→ **PROBLEM TO SOLVE**
Please print the listing that follows word for word, but skip any pictures it holds.

→ **EXERCISE DATA**
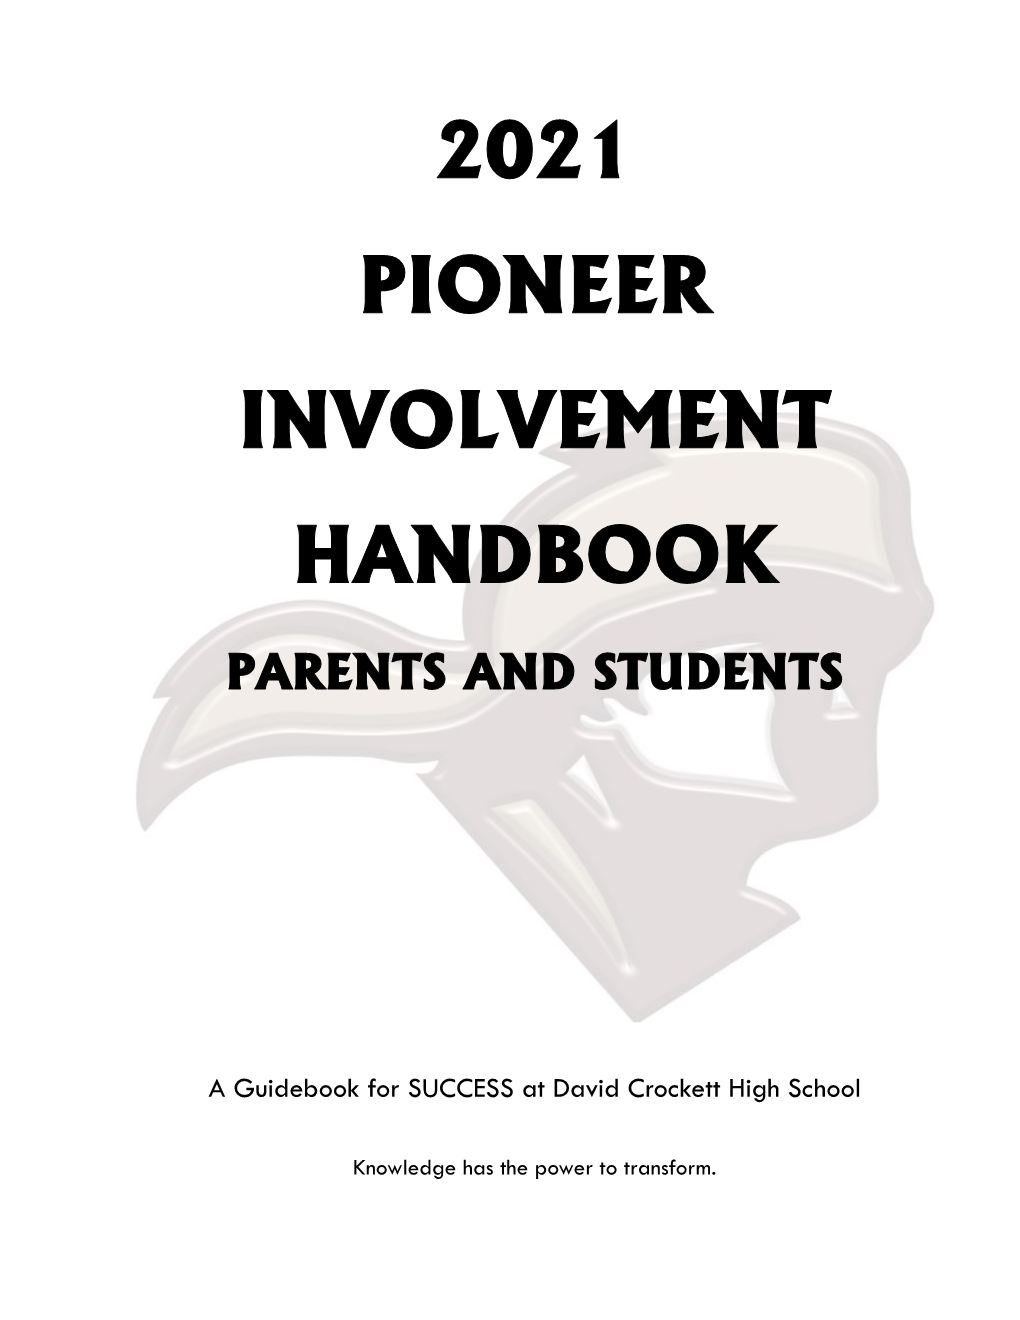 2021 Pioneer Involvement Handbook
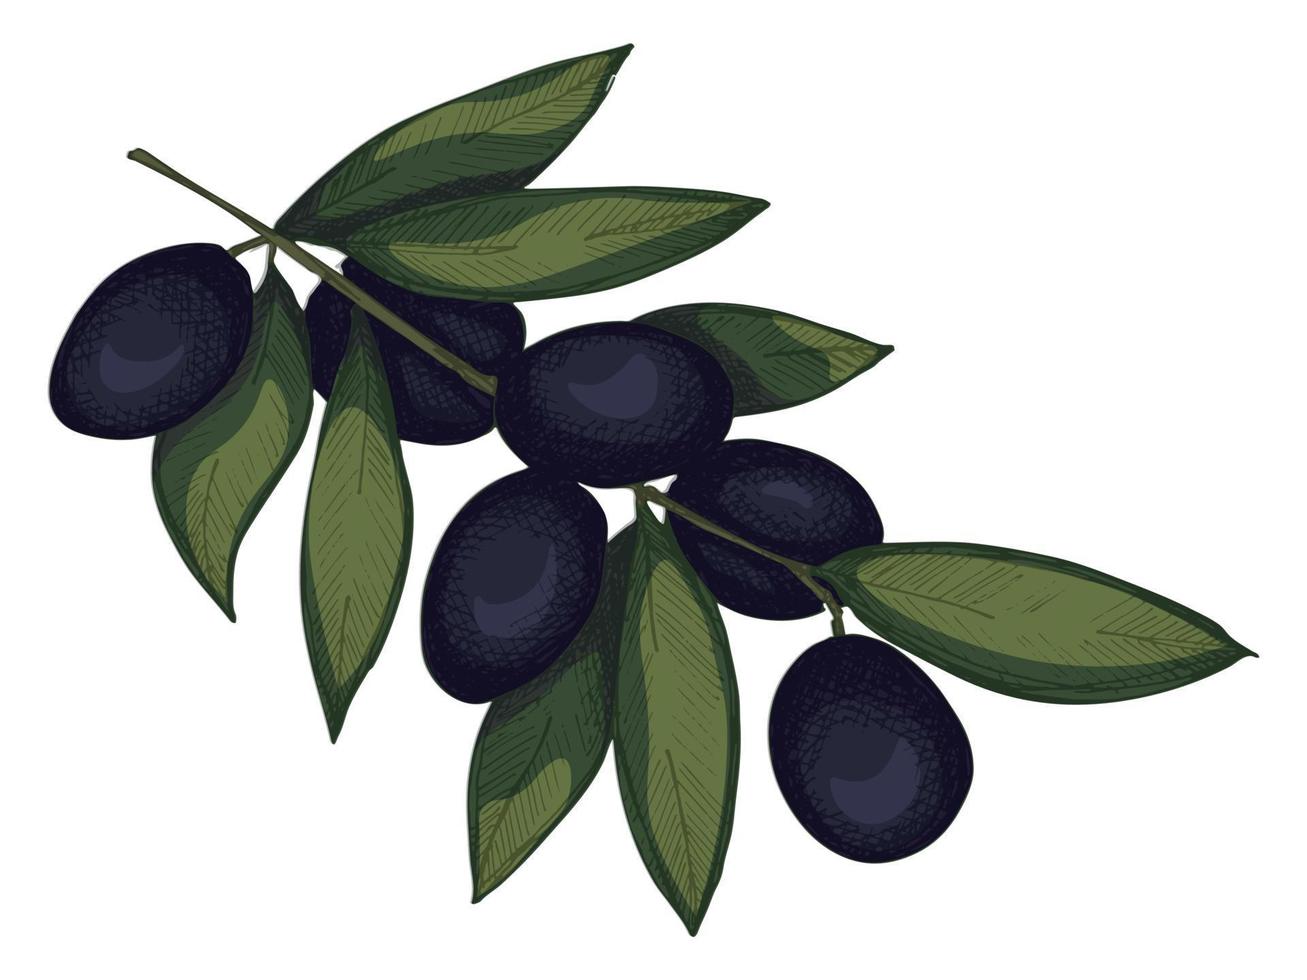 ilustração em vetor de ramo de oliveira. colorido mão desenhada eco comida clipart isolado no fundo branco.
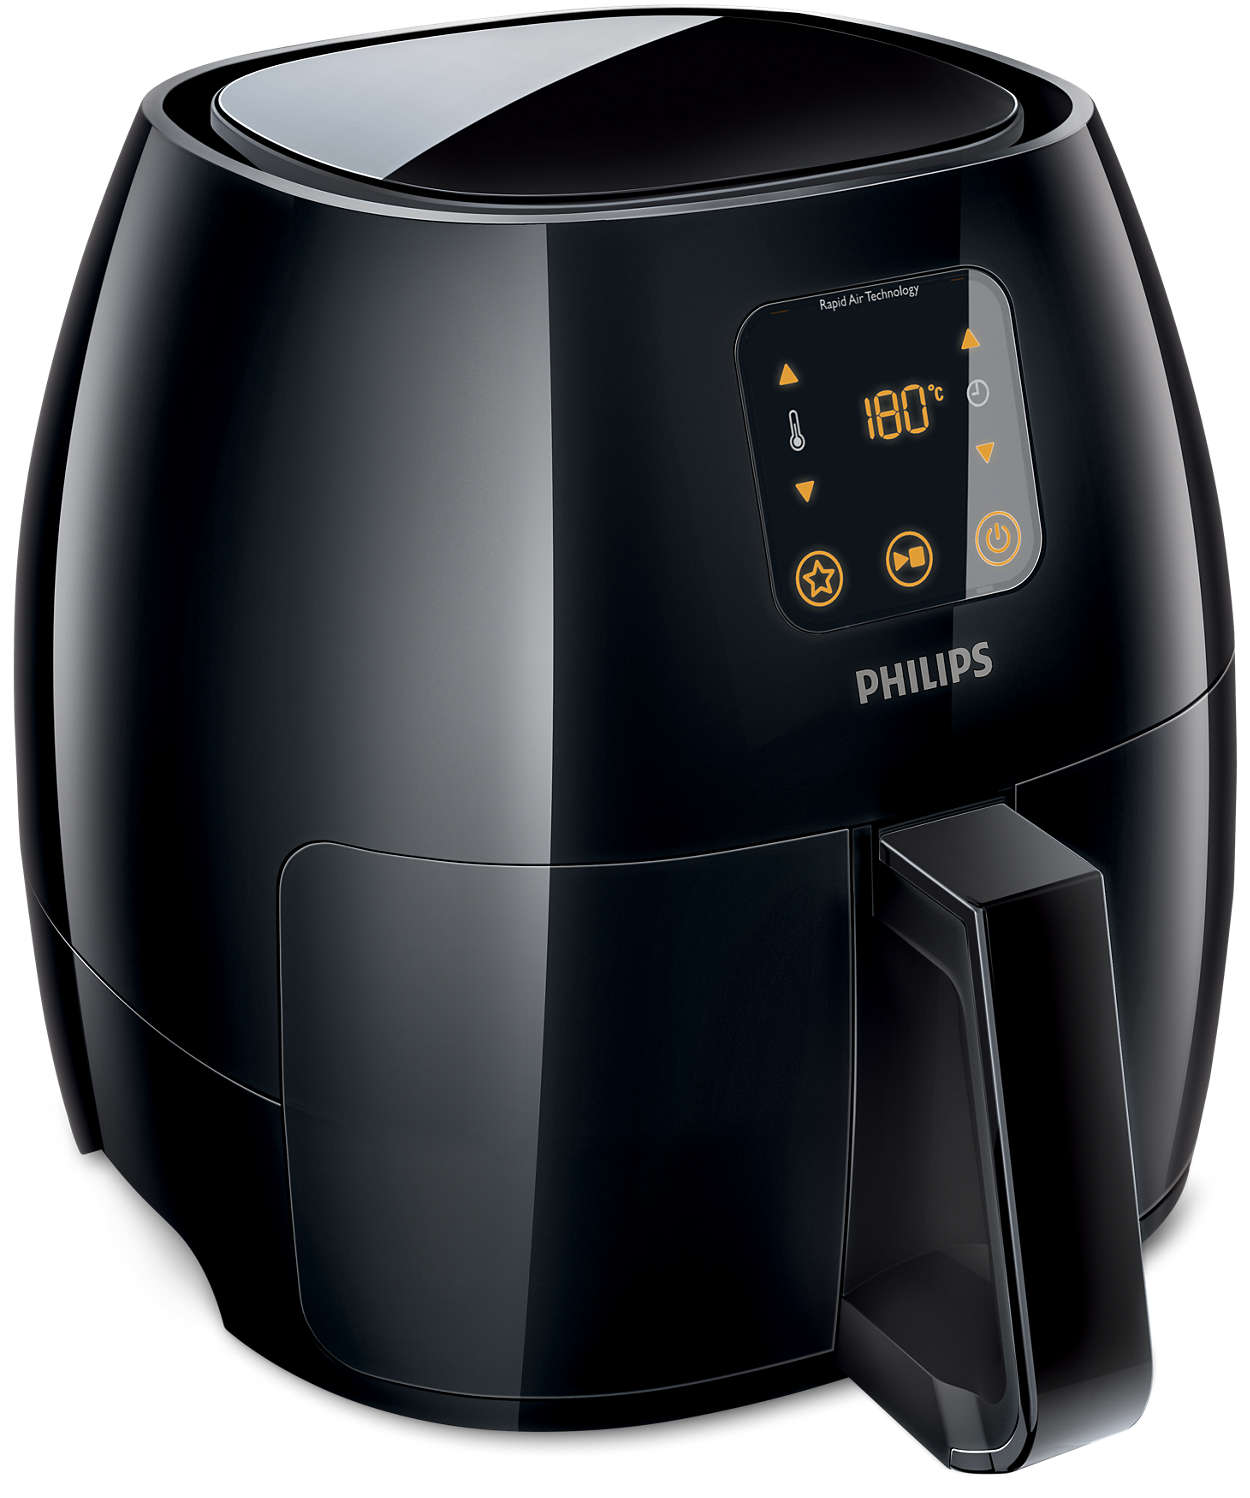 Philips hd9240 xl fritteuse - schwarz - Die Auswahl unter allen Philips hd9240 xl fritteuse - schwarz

→ **WRITTEN ANSWER**
 2021 Pioneer Involvement Handbook
 ilustração em vetor de ramo de oliveira. colorido mão desenhada eco comida clipart isolado no fundo branco.
 Philips hd9240 xl fritteuse - schwarz - Die Auswahl unter allen Philips hd9240 xl fritteuse - schwarz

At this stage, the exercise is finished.